وَفِي الذَّخِيرَةِ عَنْ الْمُنْتَقَى إِذَا غَلَتْ الْفُلُوسُ قَبْلَ الْقَبْضِ أَوْ رَخُصَتْ قَالَ: أَبُو يُوسُفَ، قَوْلِي وَقَوْلُ أَبِي حَنِيفَةً فِي ذَلِكَ سَوَاءٌ وَلَيْسَ لَهُ غَيْرُهَا، ثُمَّ رَجَعَ أَبُو يُوسُفَ وَقَالَ: عَلَيْهِ قِيمَتُهَا مِنْ الدَّرَاهِمِ ، يَوْمَ وَقَعَ الْبَيْعُ وَيَوْمَ وَقَعَ الْقَبْضُ. اهـ. وَقَوْلُهُ: يَوْمَ وَقَعَ الْبَيعُ أَي فِي صُورَةِ الْبَيعِ، وَقَوْلُهُ: وَيَوْمَ وَقَعَ الْقَبْضُ أَي فِي صُورَةِ الْقَرْضِ كَمَا نَبَّهَ عَلَيْهِ فِي النَّهْرِ فِي بَابِ الصَّرْف.
Artinya “Di dalam kitab Adz-Dzakhirah yang menukil dari Al-Muntaqa, mengenai masalah apabila uang fulus (mata uang selain emas/perak) mengalami kenaikan nilai atau penurunan nilai sebelum serah terima, disebutkan:Pada awalnya, Abu Yusuf berkata: ‘Pendapatku dan pendapat Abu Hanifah dalam masalah ini sama, yaitu pemberi utang tidak berhak mendapatkan selain uang tersebut (sesuai nominalnya).’Namun kemudian Abu Yusuf menarik pendapatnya dan berkata: ‘Wajib bagi orang yang berhutang untuk membayar nilainya (qimah) dalam satuan Dirham, dihitung pada hari terjadinya jual beli dan pada hari terjadinya serah terima’.Di sisi lain, perkataan beliau ‘pada hari terjadinya jual beli’ maksudnya adalah dalam kasus transaksi jual beli, sedangkan perkataan beliau ‘pada hari terjadinya serah terima’ maksudnya adalah dalam kasus pinjam-meminjam (qardh), sebagaimana hal ini telah diperingatkan dalam kitab An-Nahr pada bab Ash-Sharf (tukar menukar mata uang).” (Raddul Mukhtar [Beirut: Darul Kutub Al-Ilmiyah, 2011] Juz VII, halaman 55)
“Kewajiban membayar berdasarkan nilai ini bukan bagian dari riba, tapi dilakukan untuk menjaga keadilan agar pihak pemberi piutang tidak dirugikan oleh jatuhnya nilai mata uang (inflasi), mengingat perbedaan sifat uang logam mulia dan uang fiat.
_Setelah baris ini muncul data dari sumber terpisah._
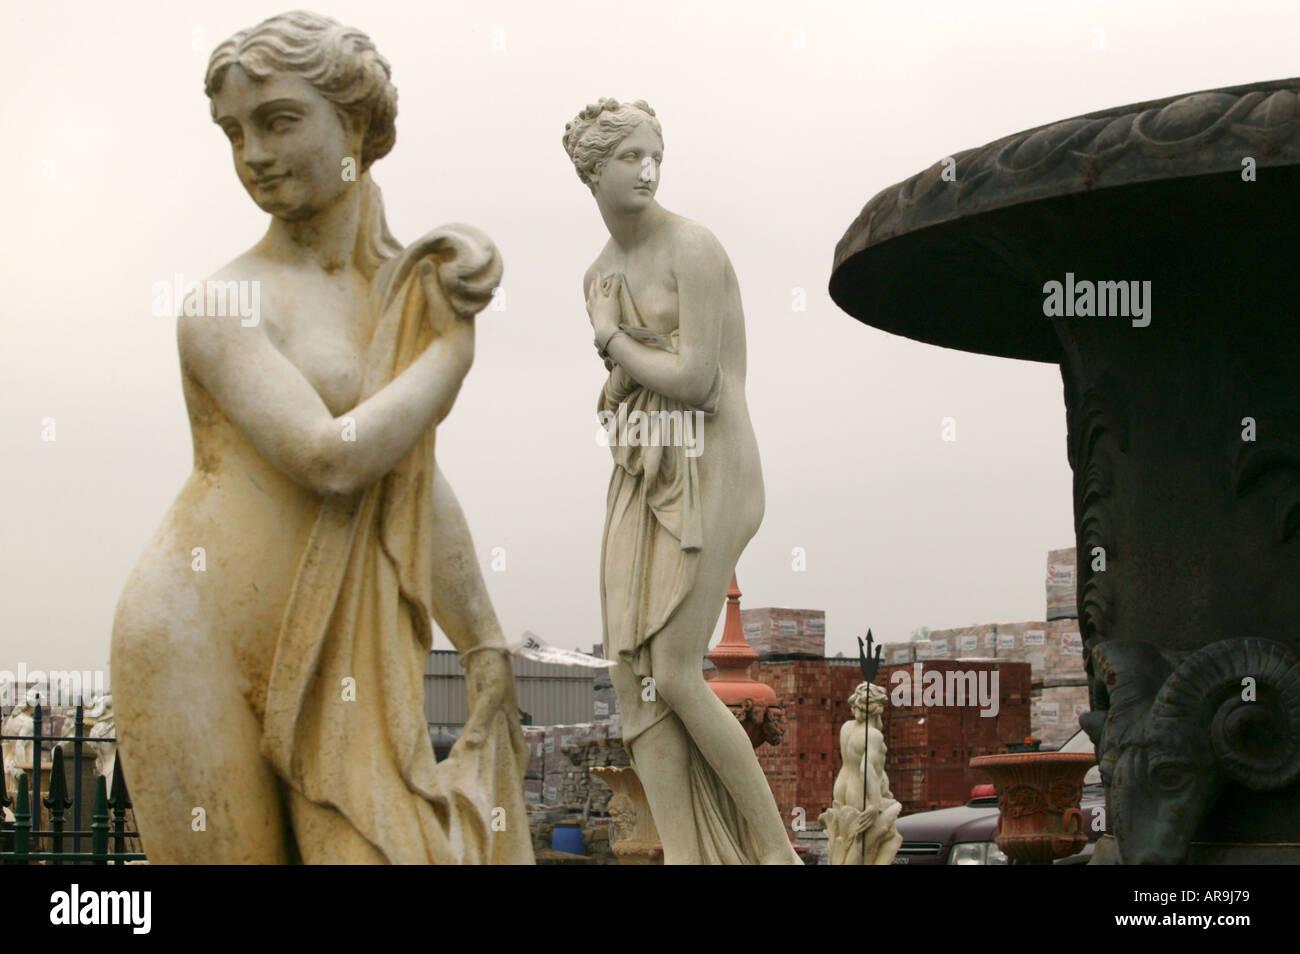 Statue di balneazione onorevoli a Solopark costruzione Cantiere forniture, Cambridgeshire, Regno Unito Immagini Stock

Dalam kesimpulannya, Ibnu Abidin menegaskan pendapat Abu Yusuf.
وَحَاصِلُ مَا مَرَّ أَنَّهُ عَلَى قَوْلَ أَبِي يُوسُفَ الْمُفْتَى بِهِ لَا فَرْقَ بَيْنَ الْكَسَادِ وَالانْقِطَاع وَالرُّخْصِ وَالْغَلَاءِ فِي تَجِبْ قِيمَتُهَا يَوْمَ وَقَعَ الْبَيْعُ أَوْ الْقَرْضُ لُهَا
“Kesimpulan dari penjelasan di atas berdasarkan pendapat Abu Yusuf yang difatwakan, tidak ada perbedaan antara kondisi mata uang yang tidak laku (kasad), terputus, murah (inflasi), atau mahal (deflasi); yang wajib dibayar adalah nilainya pada hari terjadinya jual beli atau utang.” (Raddul Mukhtar, Juz VII, halaman 55)
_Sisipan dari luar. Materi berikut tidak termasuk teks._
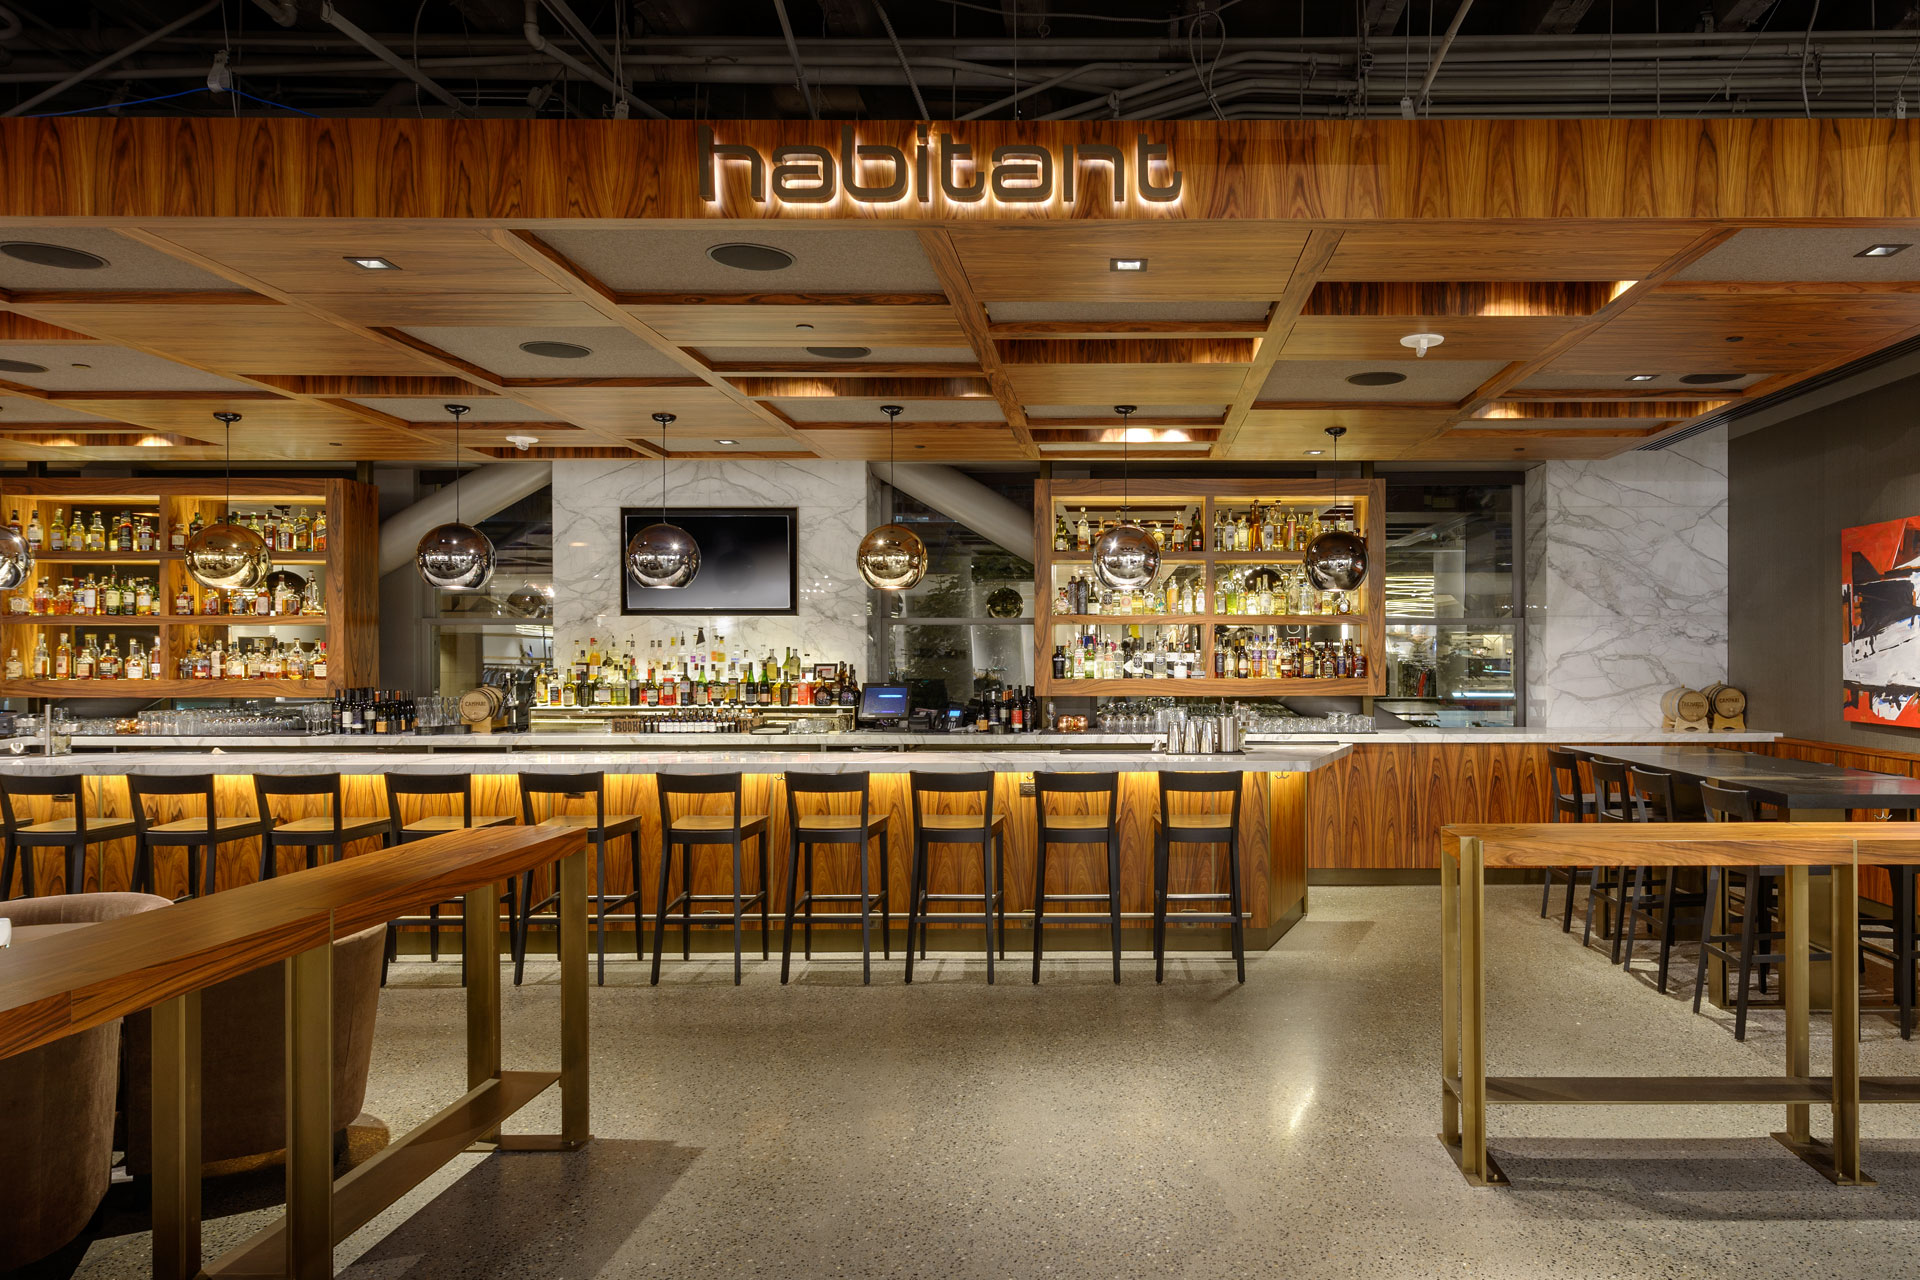 Cafe + Habitant at Nordstrom restaurant design

“Demikian penjelasan tentang cara melunasi utang saat terjadi inflasi, berdasarkan pendapat para ulama untuk dijadikan pijakan membayar hutang perdebatan muncul karena nilai uang berubah akibat inflasi. Menurut KUHPerdata, utang uang pada dasarnya dikembalikan sesuai nominal yang dipinjam. Hukum positif juga menyebutkan bahwa perubahan nilai uang tidak mengubah jumlah yang harus dibayar.”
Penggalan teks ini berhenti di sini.